Parsing JSON Embedded in Markdown

A Step-by-Step Tutorial

Markdown is a widely-used markup language for formatting text in a simple and readable way. It's especially popular in documentation, blogging, and even note-taking. However, sometimes we need to embed JSON data within markdown text for various purposes, such as configuring settings, demonstrating examples, or embedding structured data. This blog post will walk you through a Python solution for parsing JSON data embedded within markdown text.

Understanding the Problem

Consider a markdown file that contains a JSON object wrapped in triple backticks.
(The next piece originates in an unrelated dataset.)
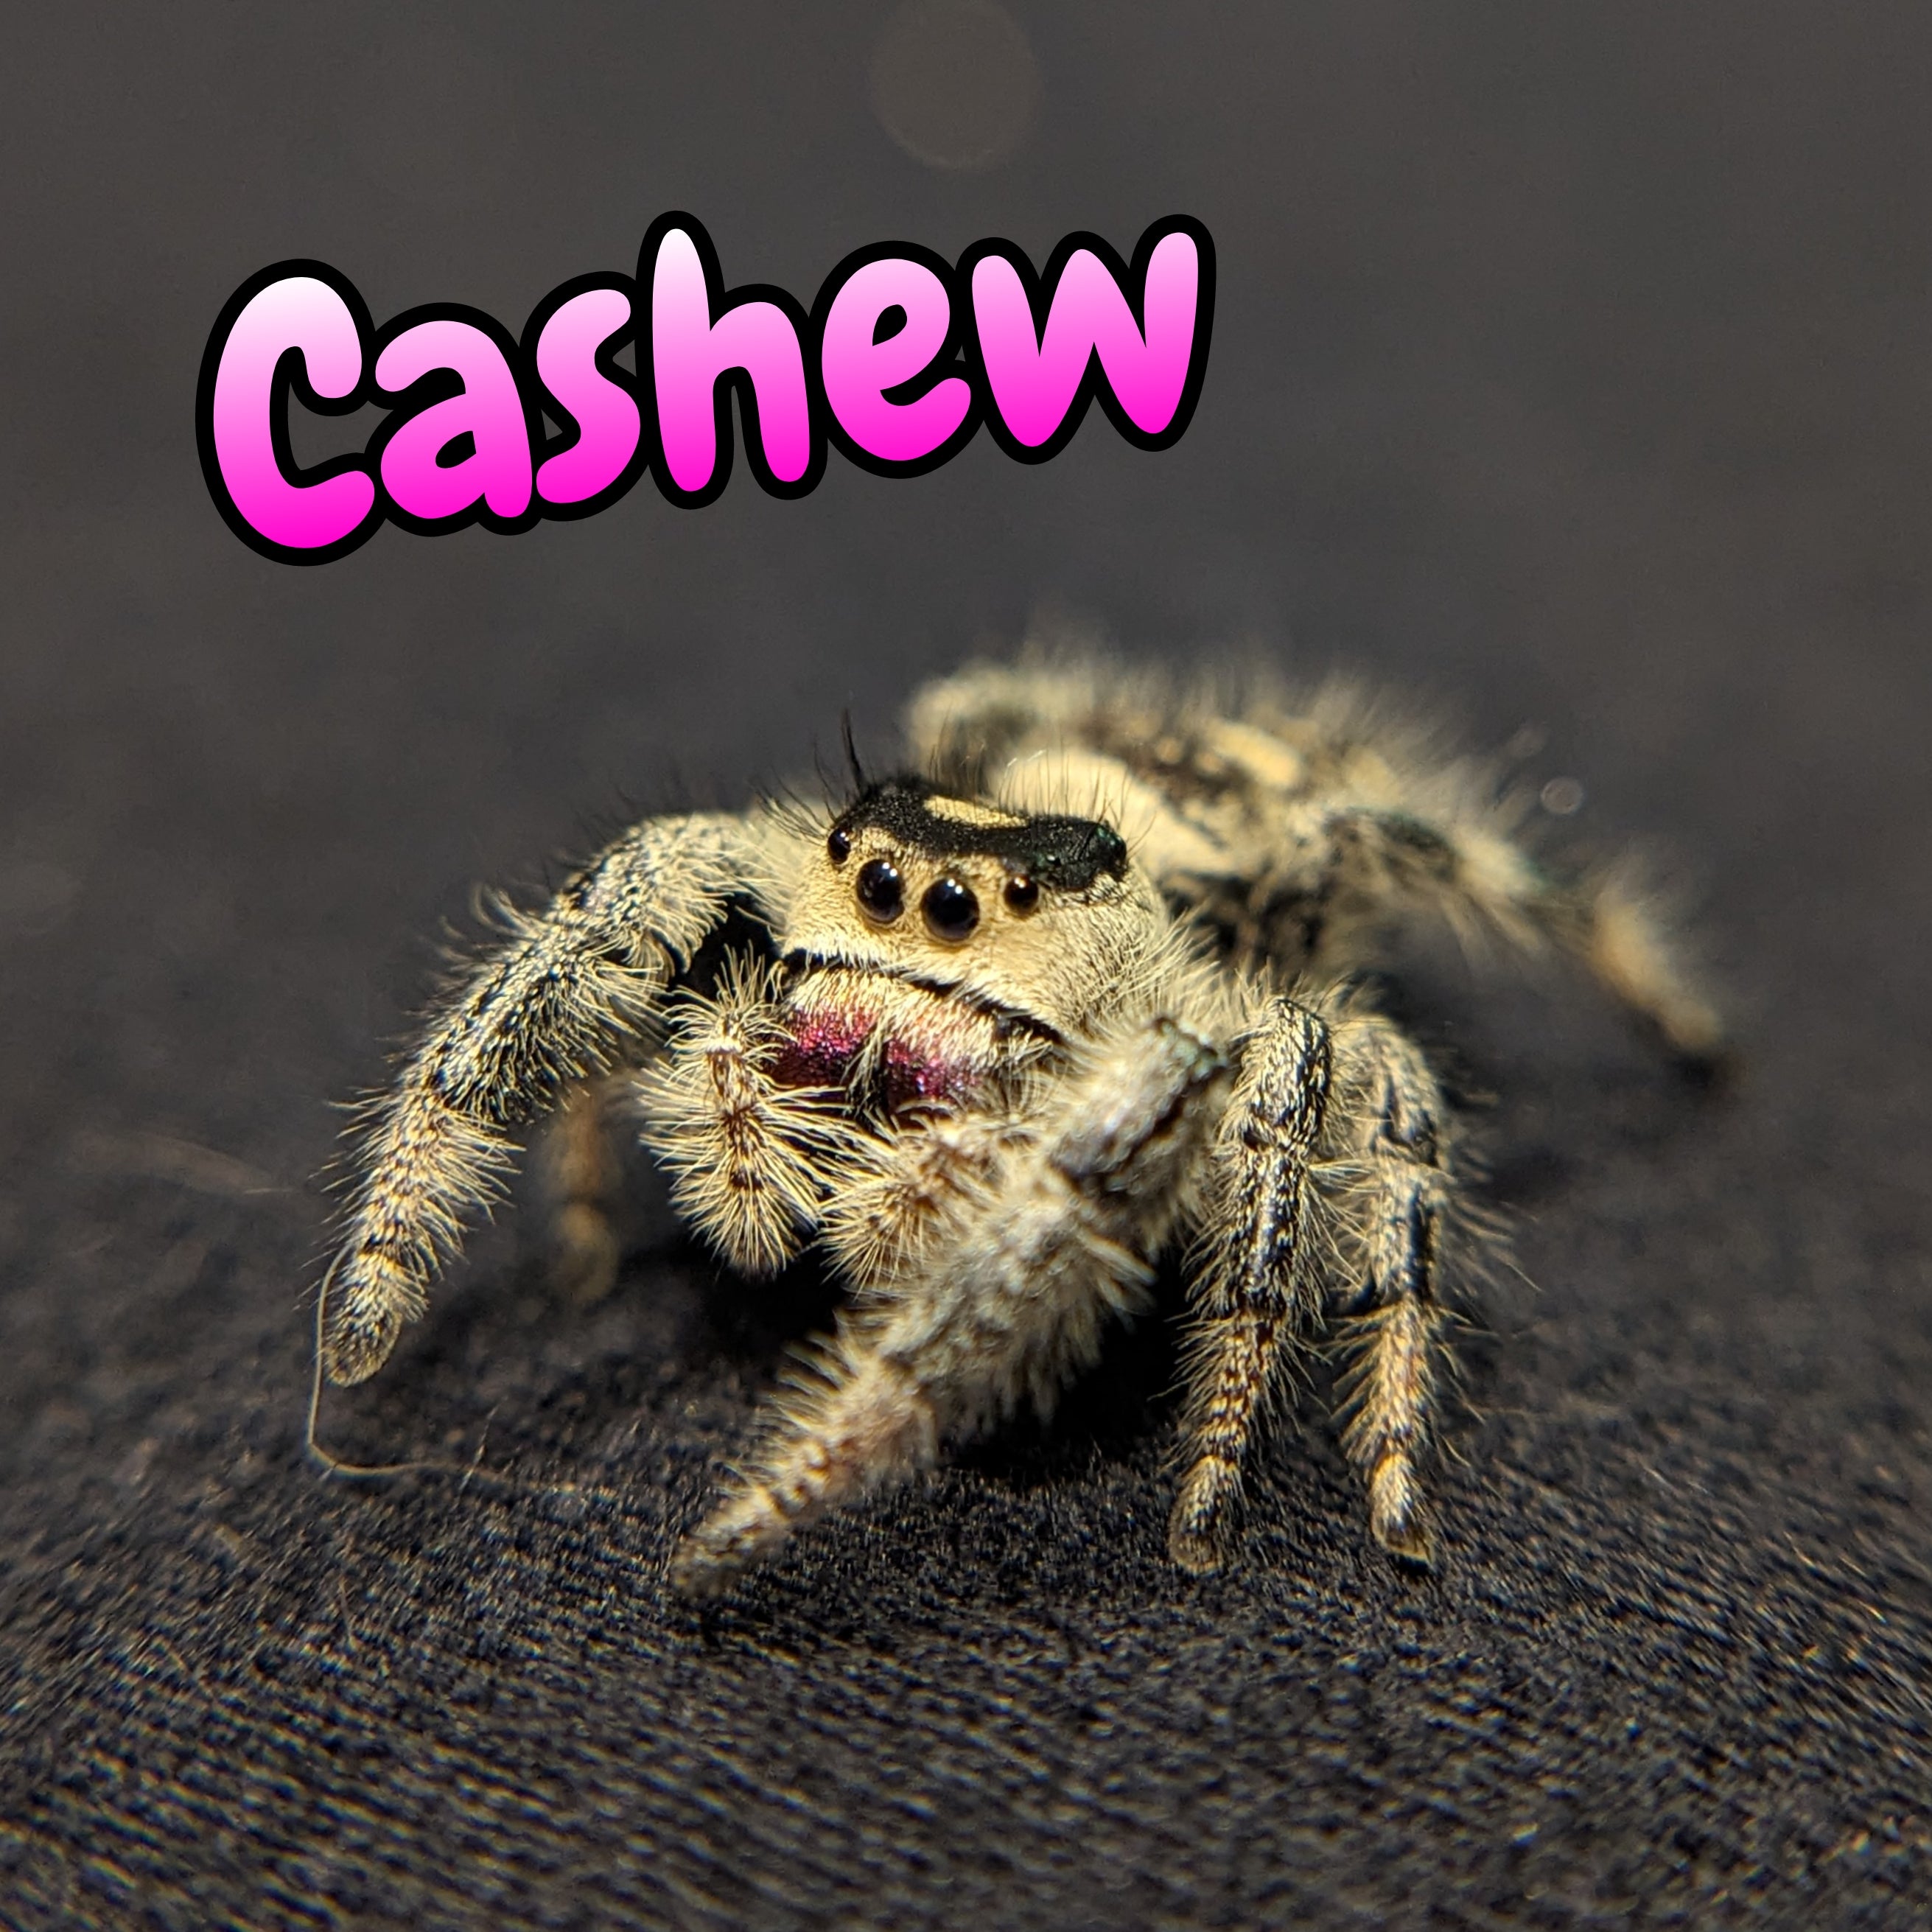 Regal Jumping Spider "Cashew"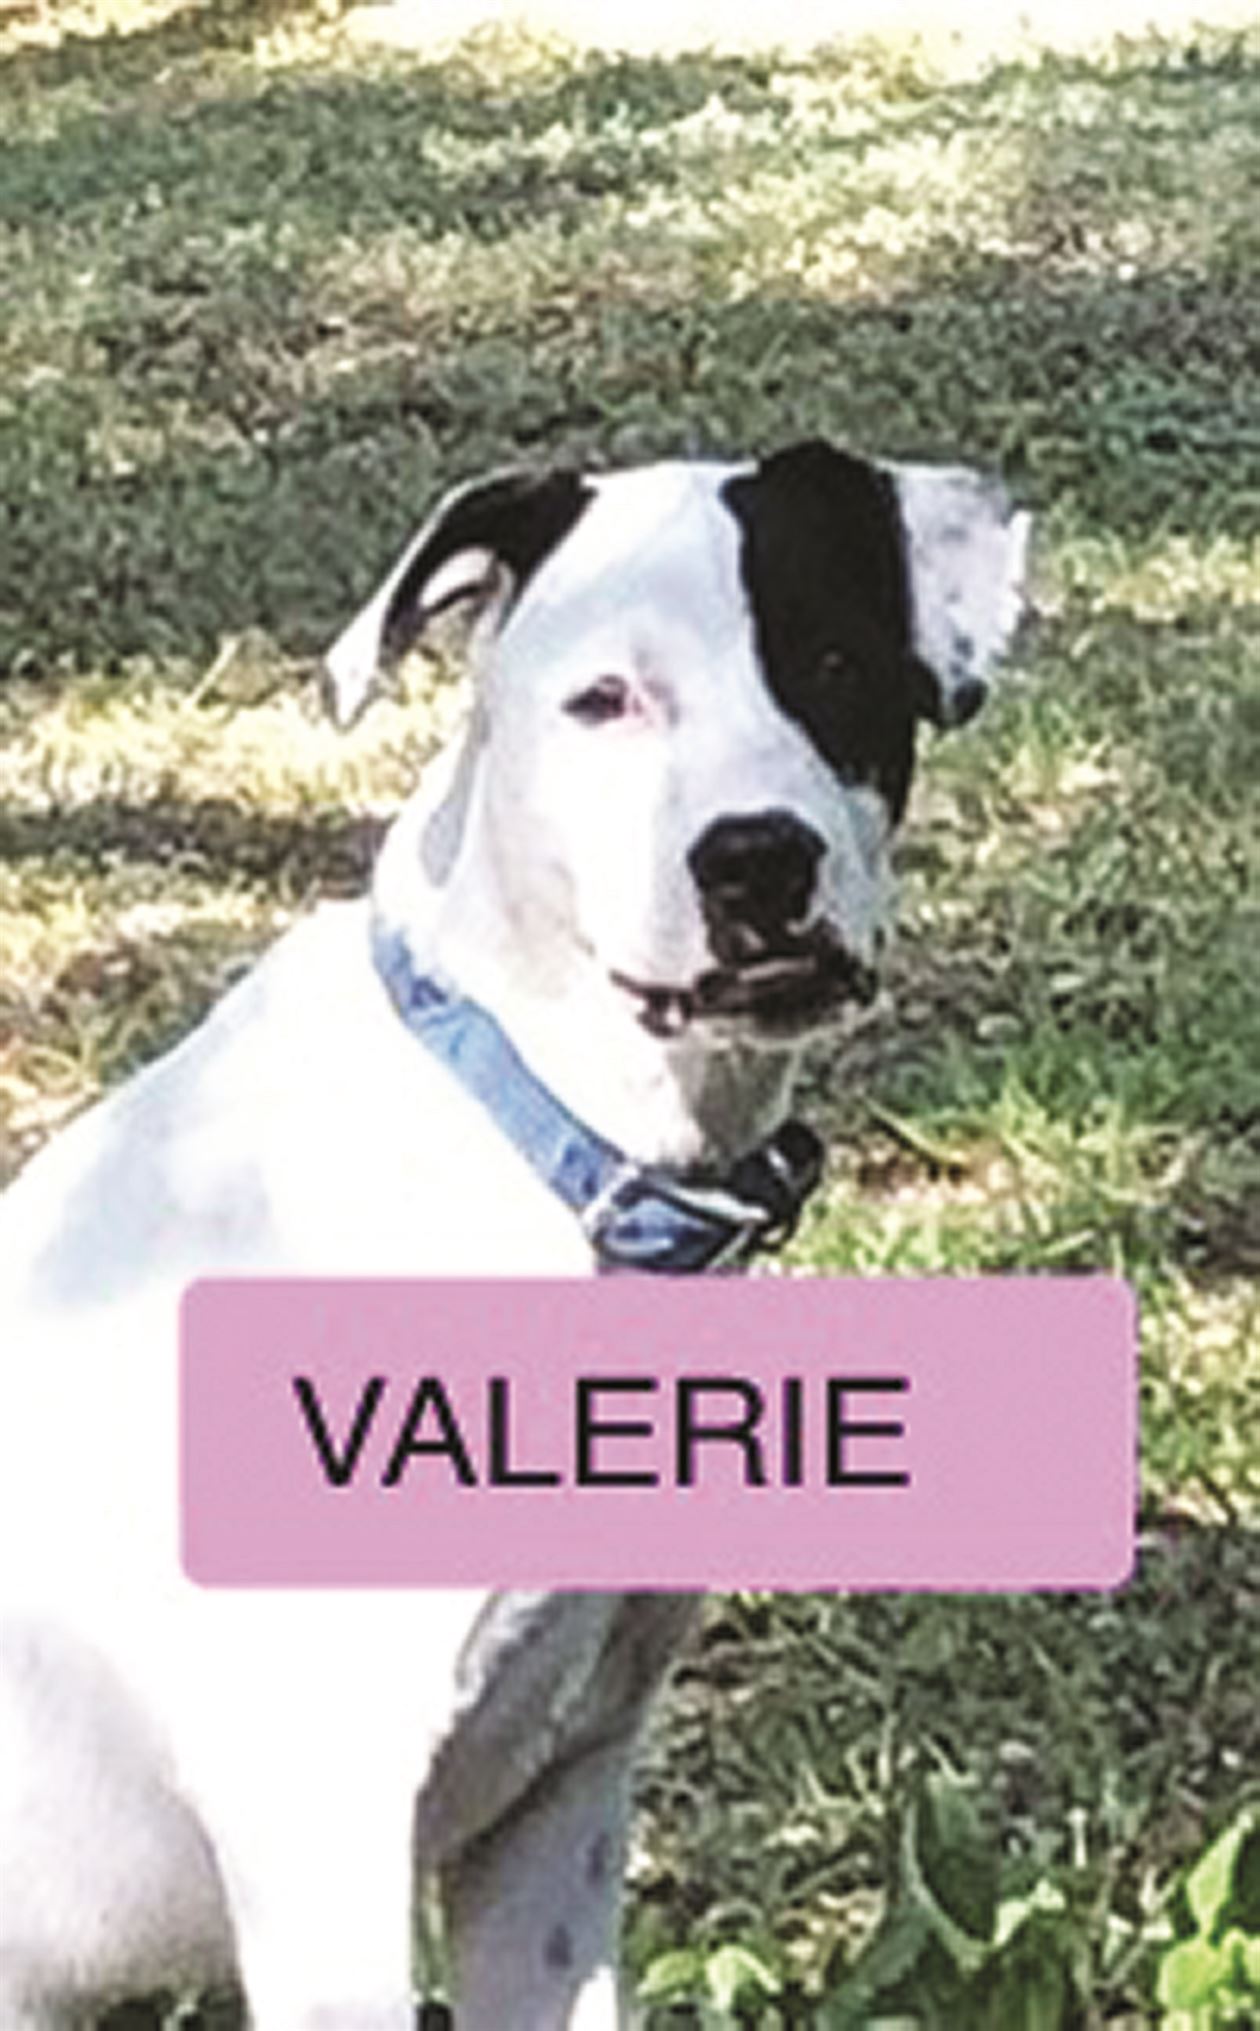 Valerie - adoptable pit bull terrier - san diego, california

Our goal is to extract and parse this JSON object into a Python dictionary. Here's an example of how such a markdown might look:

Here is an example of JSON data:

{
  "name": "John Doe",
  "age": 30,
  "email": "john.doe@example.com"
}

We need a function that can:

  1. Identify the JSON block within the markdown.
  2. Extract the JSON string.
  3. Parse the JSON string into a Python dictionary.

The Solution

We'll create two functions that will help us achieve this goal:

  1. parse_json_markdown - This function will extract and parse the JSON from the markdown text.
  2. parse_and_check_json_markdown - This function will parse the JSON and verify that it contains certain expected keys.

Step 1: Read the Markdown File

Read the content of the markdown file in your Python script.

with open('example.md', 'r') as file:
    markdown_content = file.read()

Step 3: Parse the JSON

Use parse_and_check_json_markdown to parse the JSON and check for expected keys.

expected_keys = ["name", "age", "email"]

try:
    parsed_json = parse_and_check_json_markdown(markdown_content, expected_keys)
    print("Parsed JSON:", parsed_json)
except Exception as e:
    print("Error:", e)

Step 4: Run the Script Run your script to see the parsed JSON`output.

python parse_json_from_markdown.py

If everything is set up correctly, you should see the following output:

{'name': 'John Doe', 'age': 30, 'email': 'john.doe@example.com'}

The Complete Code

The following code snippets provide the complete implementation of the two functions for parsing JSON embedded in markdown.

Function 1: parse_json_markdown

This function removes the markdown formatting and parses the JSON.

import json

def parse_json_markdown(json_string: str) -> dict:
    # Remove the triple backticks if present
    json_string = json_string.strip()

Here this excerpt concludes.